* _What you should do_: In the material below, the line holding "Guantes de portero de fútbol de" and every line after it should be reproduced exactly, please, with pictures omitted.

* _Stored data_:
- - - -
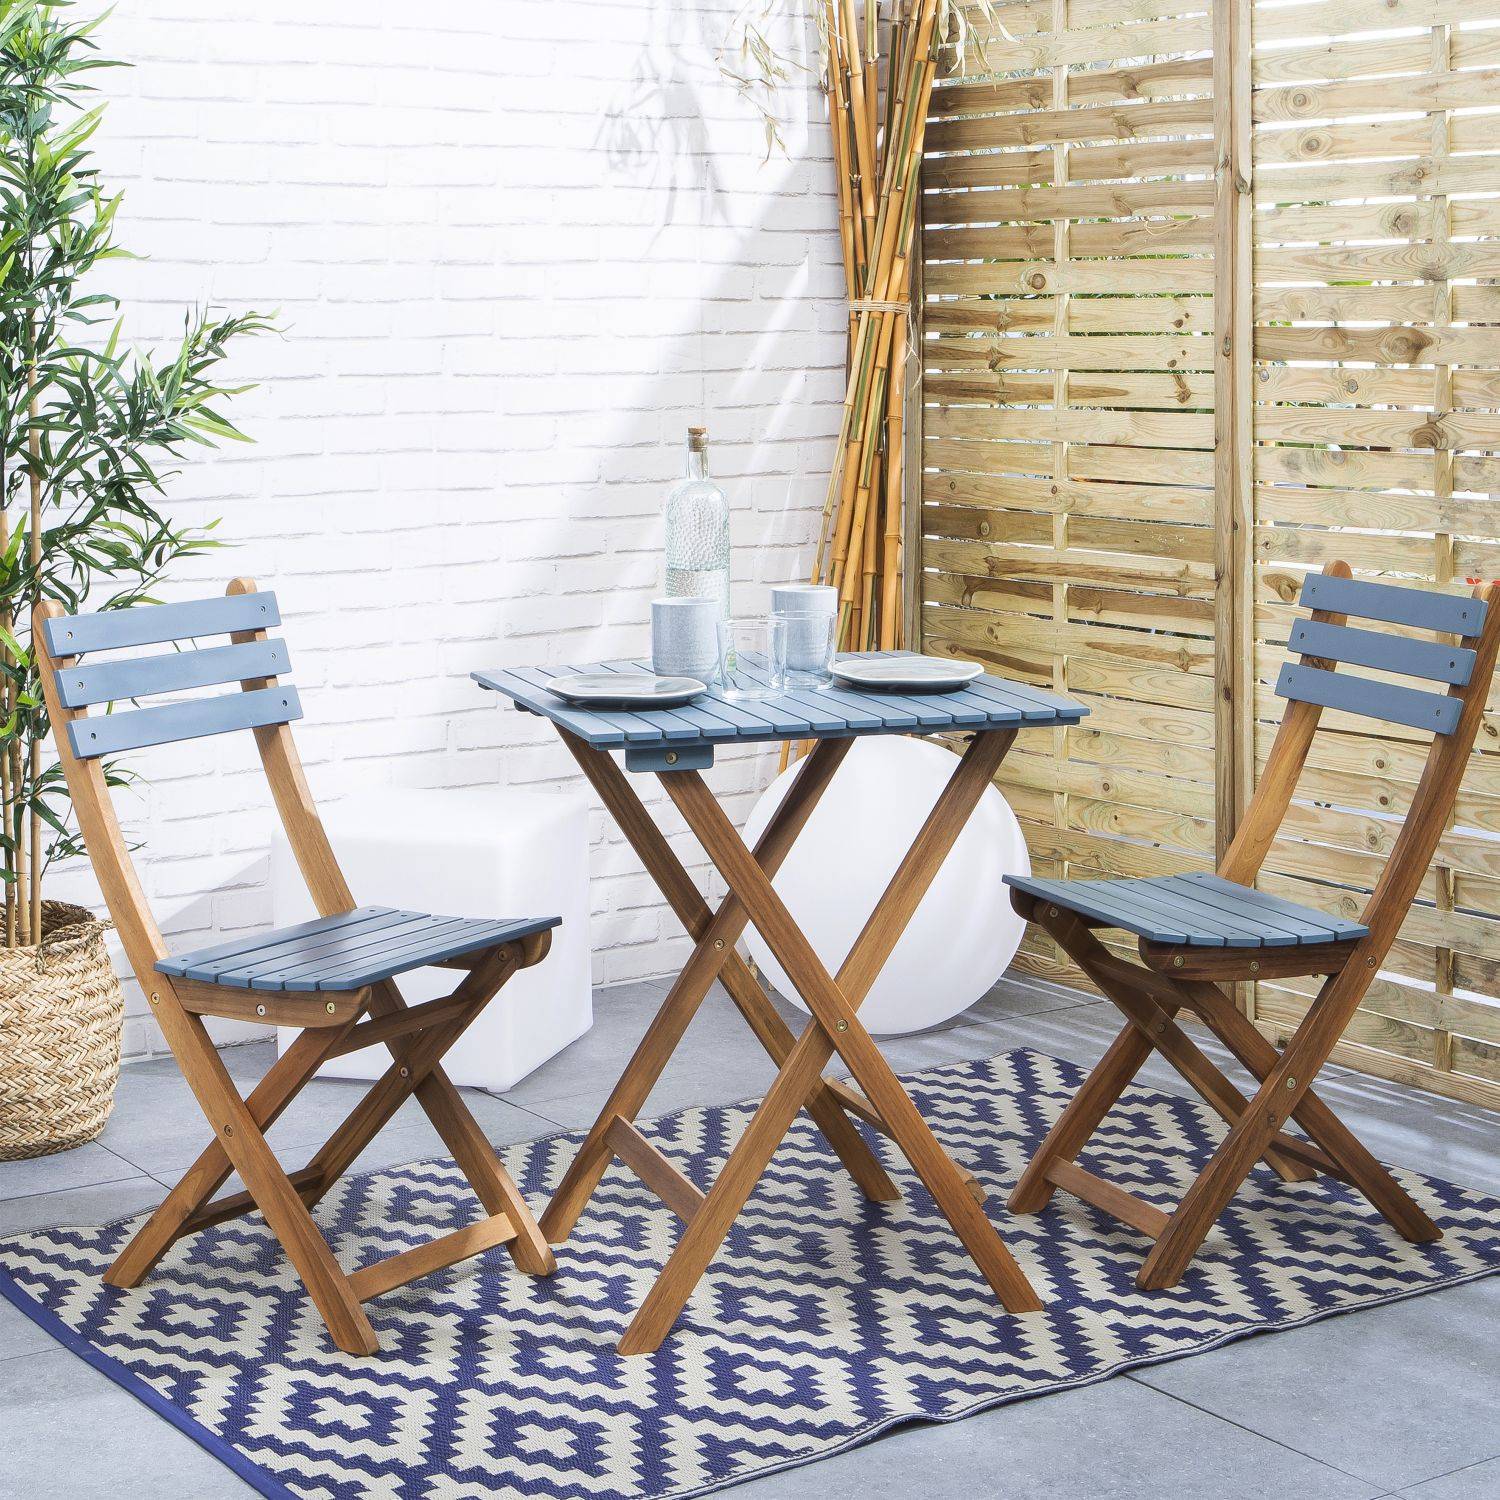 Bistro-Gartentisch aus Holz 60x60cm - Barcelona Holz / blaugrau - zweifarbig quadratisch Klappbar aus Akazie mit 2 Klappstühlen Photo1
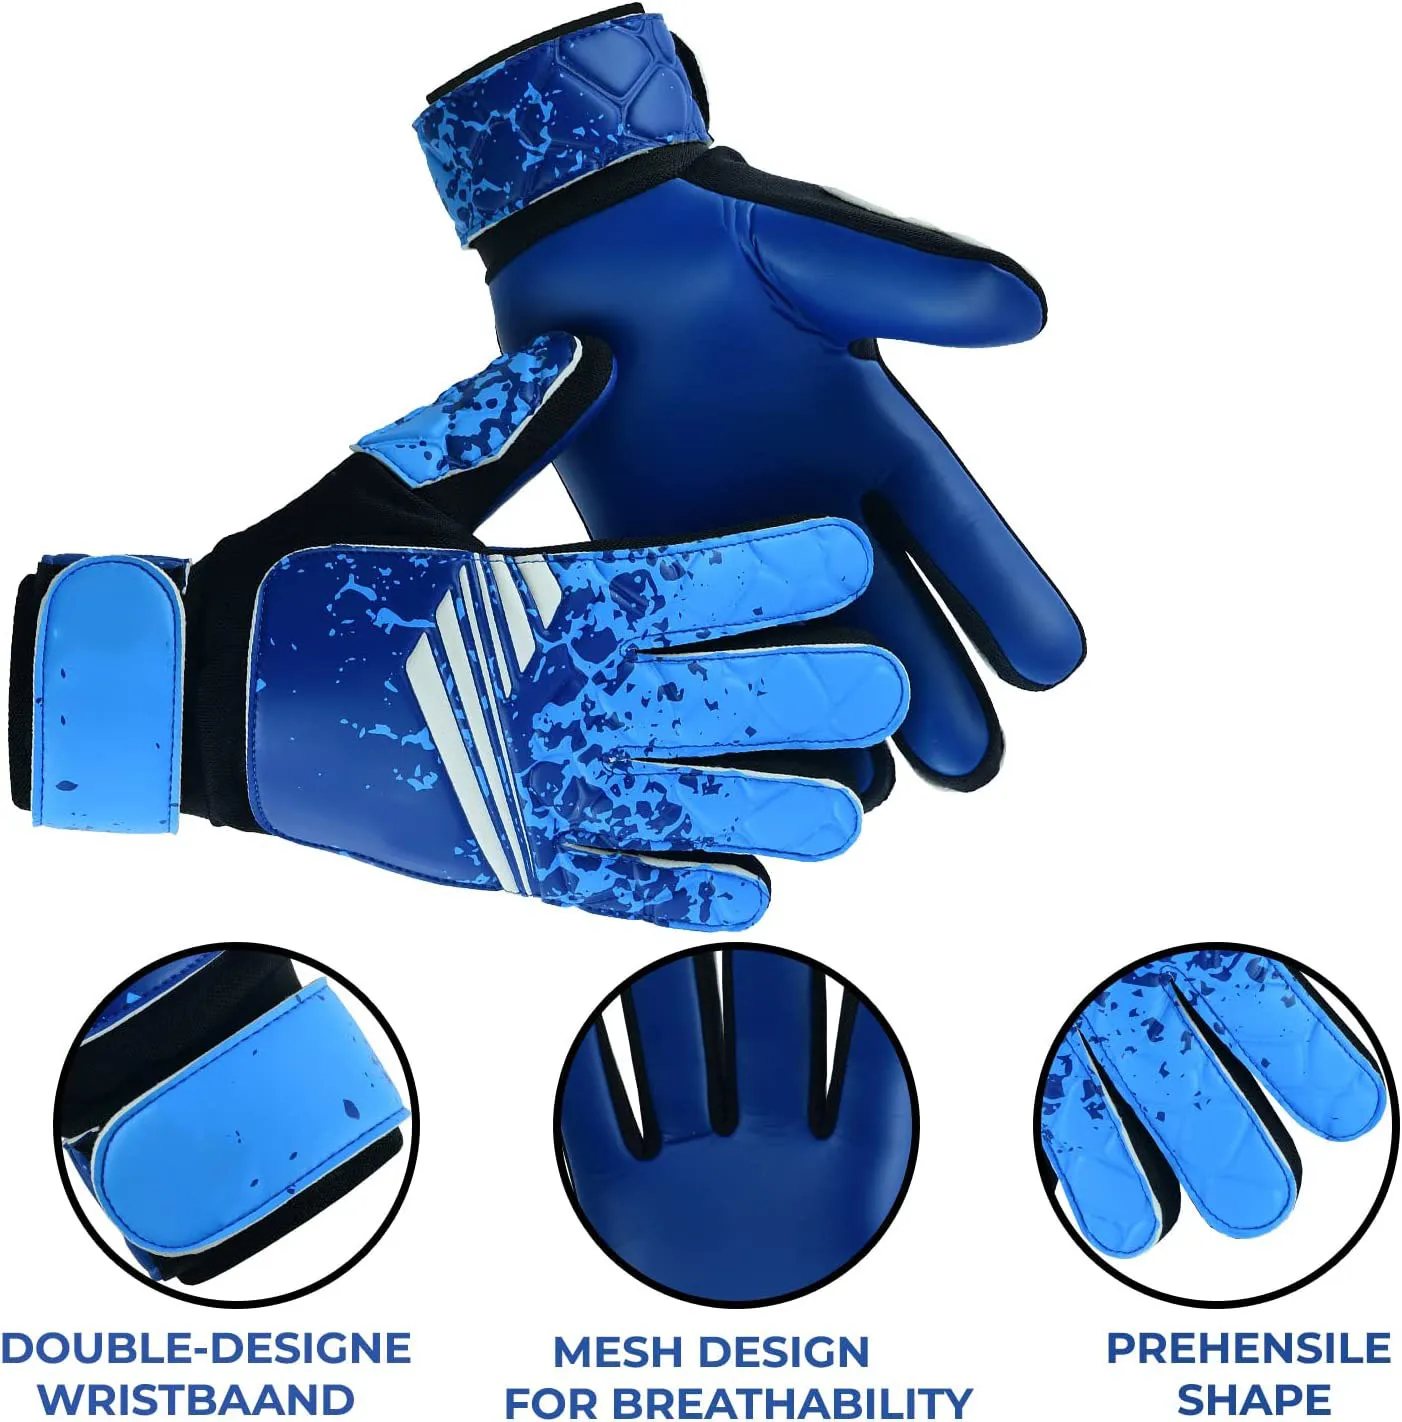 Guantes de portero de fútbol de edición limitada | El mejor regalo para  guantes de portero de fútbol para niños, jóvenes, adultos y hombres,  guantes
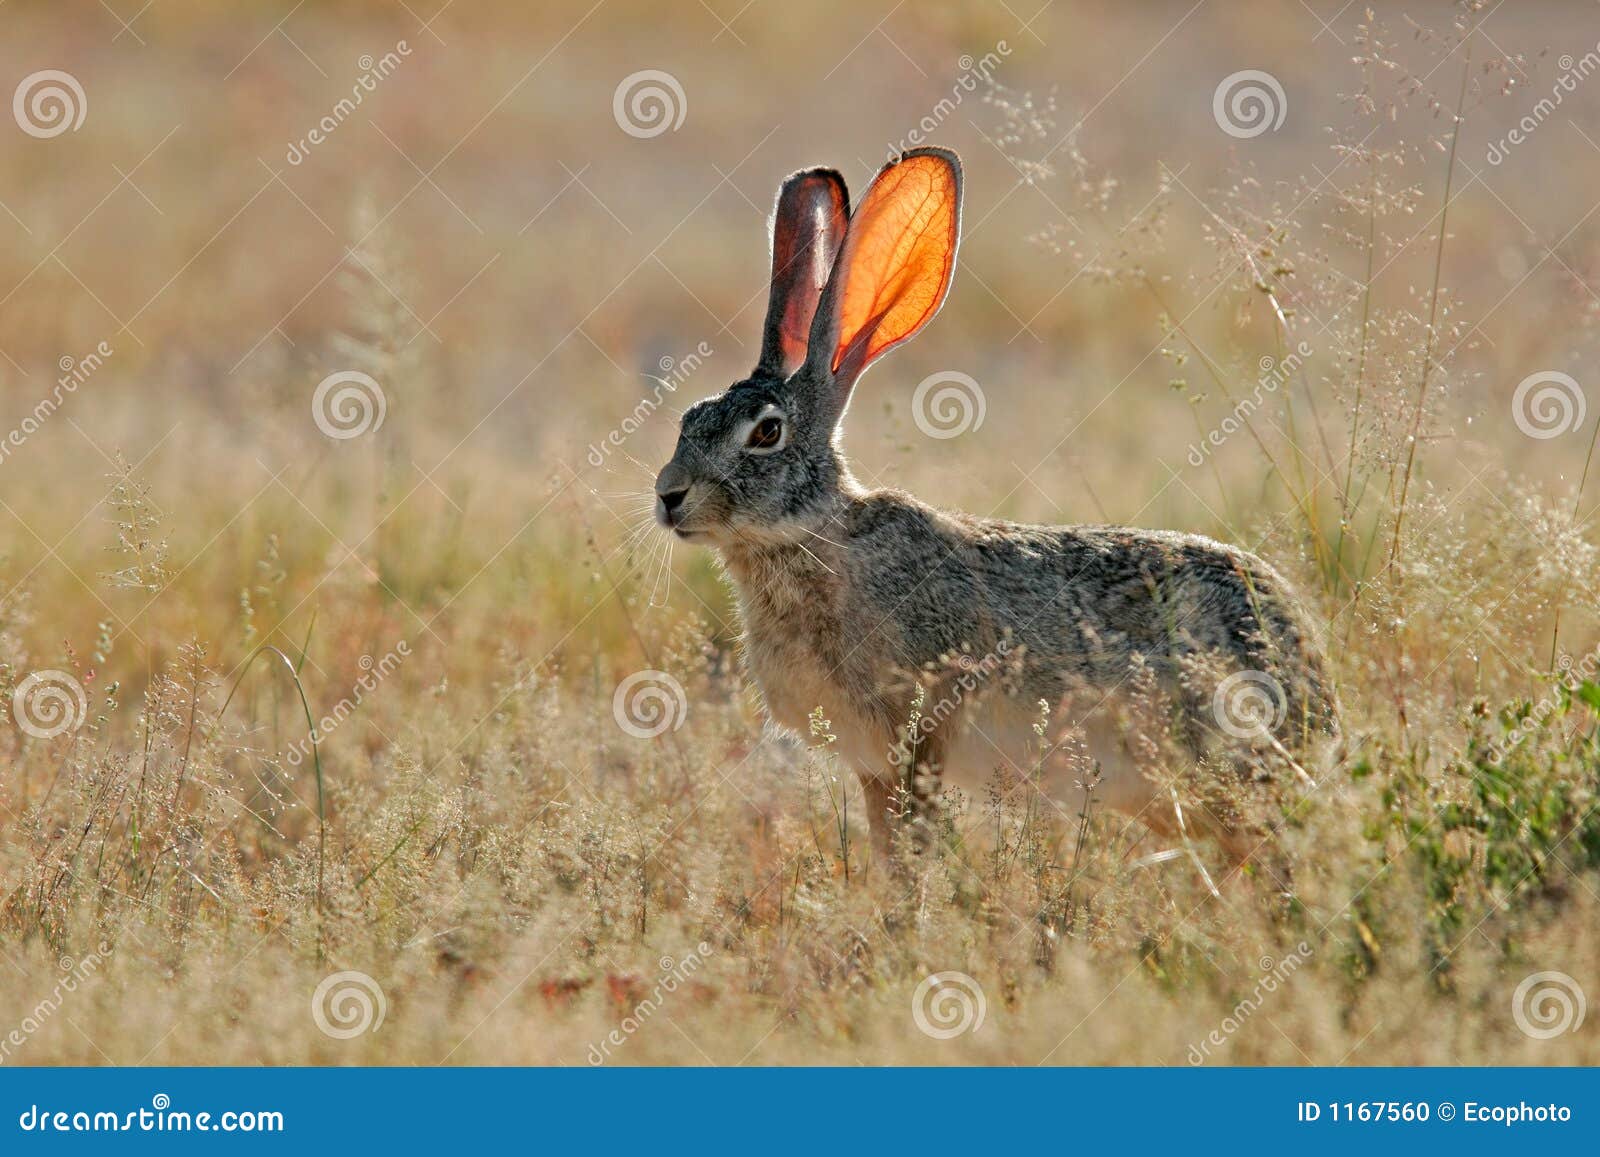 scrub hare, etosha national park, namibia
- - - -
* _Exercise result_:
 Guantes de portero de fútbol de edición limitada | El mejor regalo para  guantes de portero de fútbol para niños, jóvenes, adultos y hombres,  guantes
 scrub hare, etosha national park, namibia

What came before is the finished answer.